Proving Identity: $(\stackrel{m + n}{l}) = (\stackrel{m}{l})(\stackrel{n}{0})$

[Gammage]

Homework Statement

Let l, m, and n be positive integers with l $$\leq$$ m and l $$\leq$$ n. Prove the identity.
($$\stackrel{m + n}{l}$$) = ($$\stackrel{m}{0}$$)($$\stackrel{n}{l}$$) + ($$\stackrel{m}{1}$$)($$\stackrel{n}{l-1}$$)+...+($$\stackrel{m}{l}$$)($$\stackrel{n}{0}$$)
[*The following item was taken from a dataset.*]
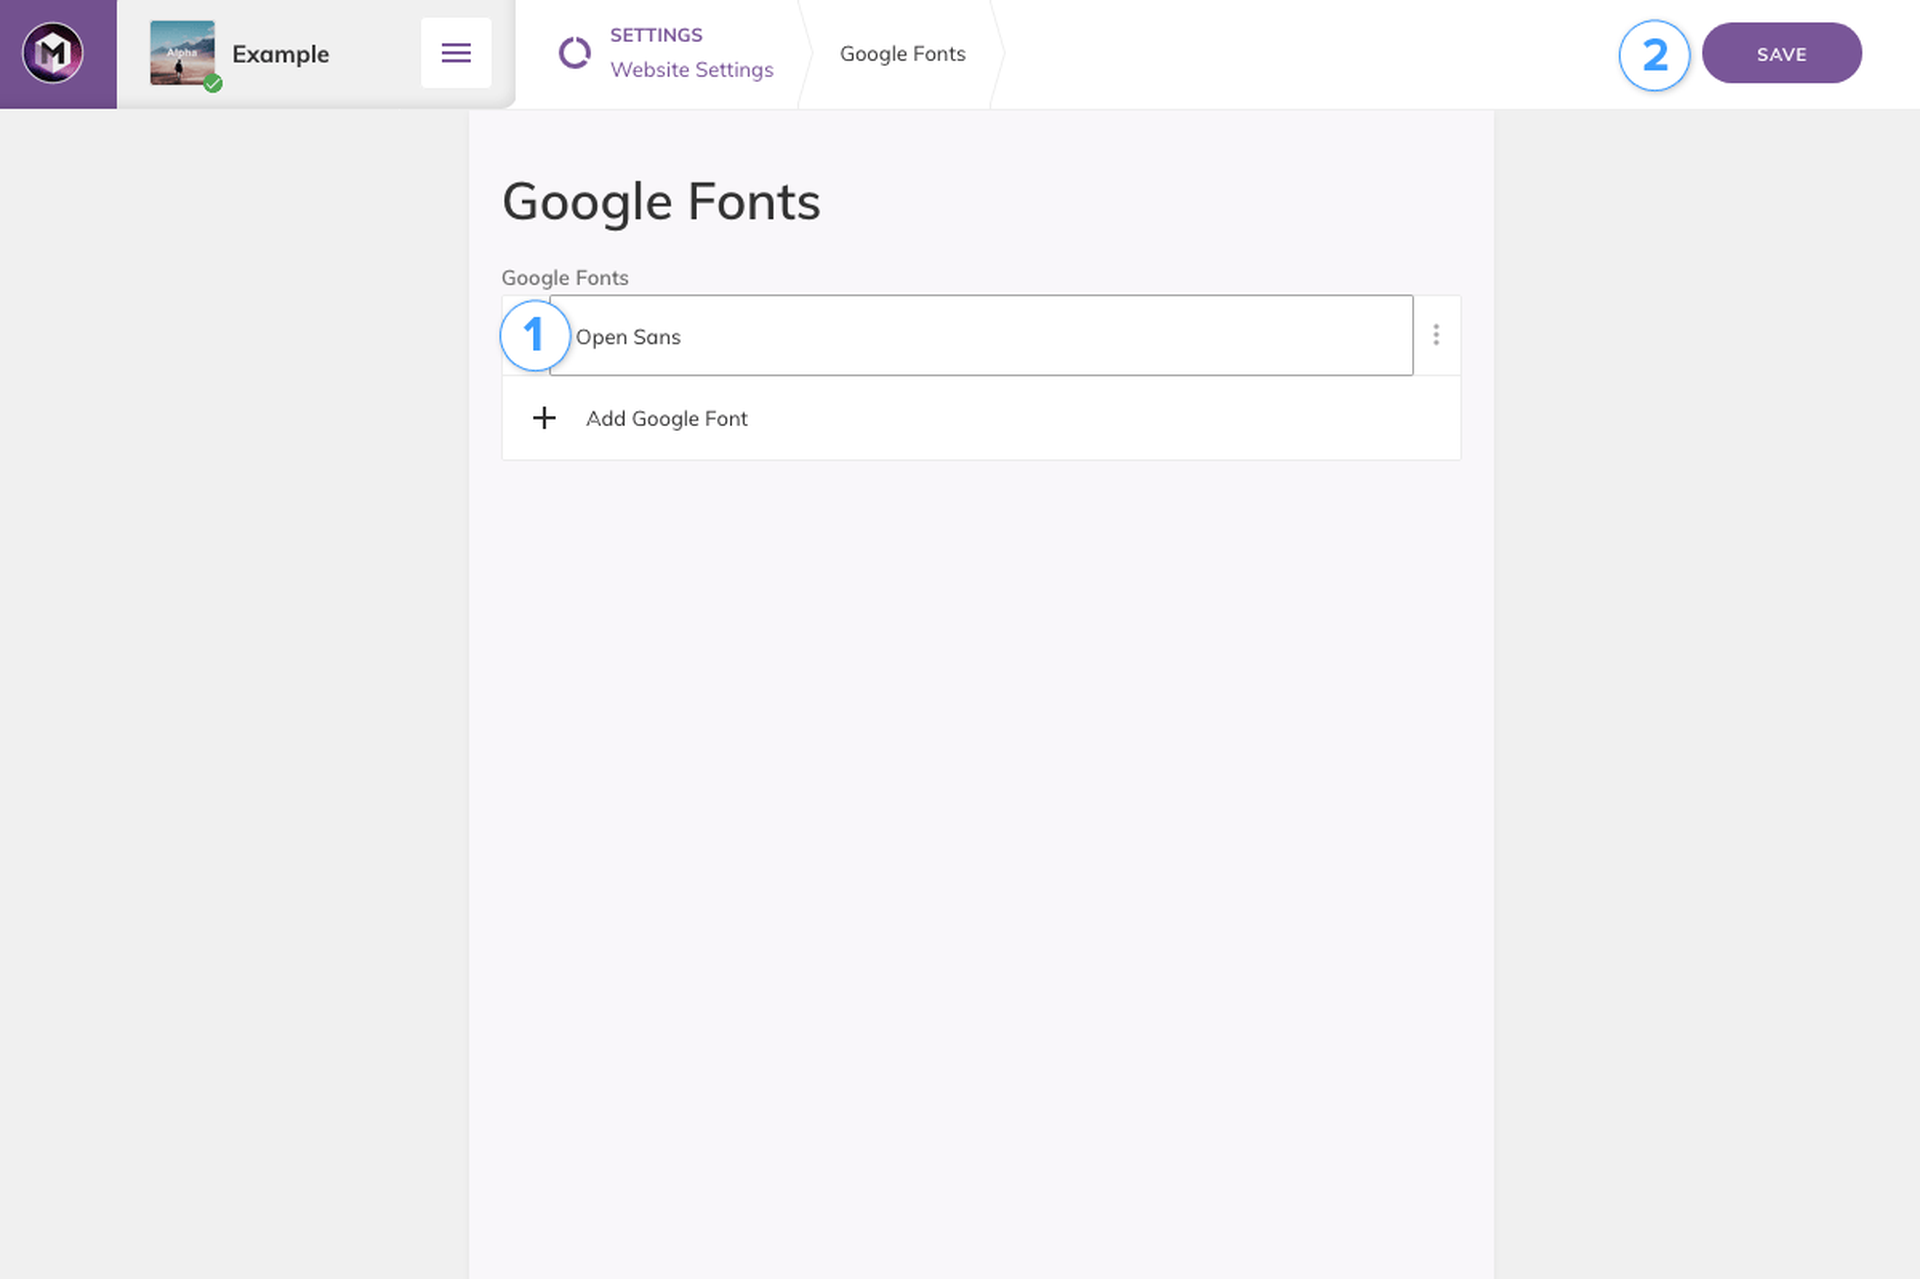 Adding Google Fonts
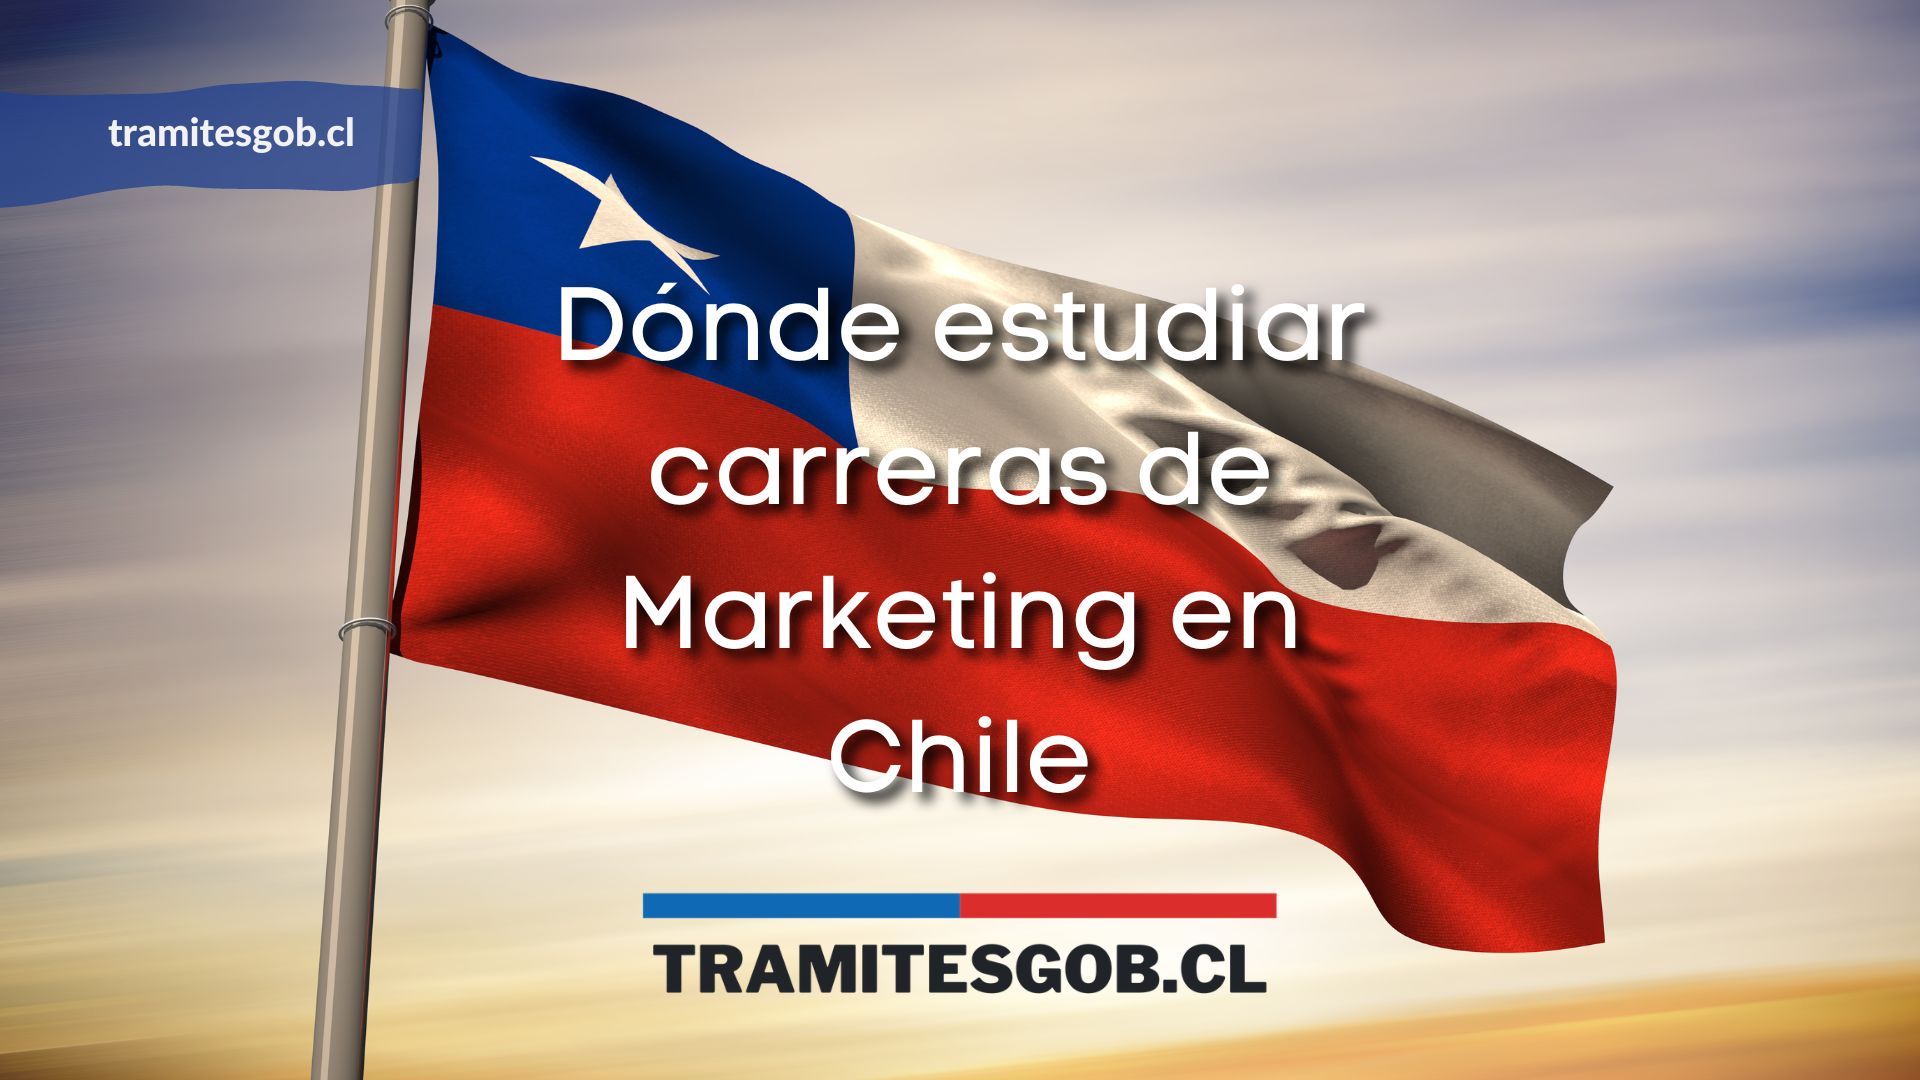 Dónde estudiar carreras de Marketing en Chile

2. The attempt at a solution
I have no clue, I see proof and my brain goes dead. I thought I could just start writing the definition of the parts out on both sides and maybe something would make sense but it got messy quick and I didn't see any light at the end of that tunnel.

 

[dynamicsolo]

How about a proof by induction? The integers l, m, and n have to be positive, so we'd start from l = 1:

$$(\stackrel{m+n}{1}) = (\stackrel{m}{0})(\stackrel{n}{1}) + (\stackrel{m}{1})(\stackrel{n}{0}) = m + n$$

which plainly works. (It doesn't work for l = 0, but it doesn't have to, under the specified conditions.)

Now assume the proposition

($$\stackrel{m + n}{l}$$) = ($$\stackrel{m}{0}$$)($$\stackrel{n}{l}$$) + ($$\stackrel{m}{1}$$)($$\stackrel{n}{l-1}$$)+...+($$\stackrel{m}{l}$$)($$\stackrel{n}{0}$$) .

What happens when we advance to the case for ($$\stackrel{m + n}{l+1}$$) ?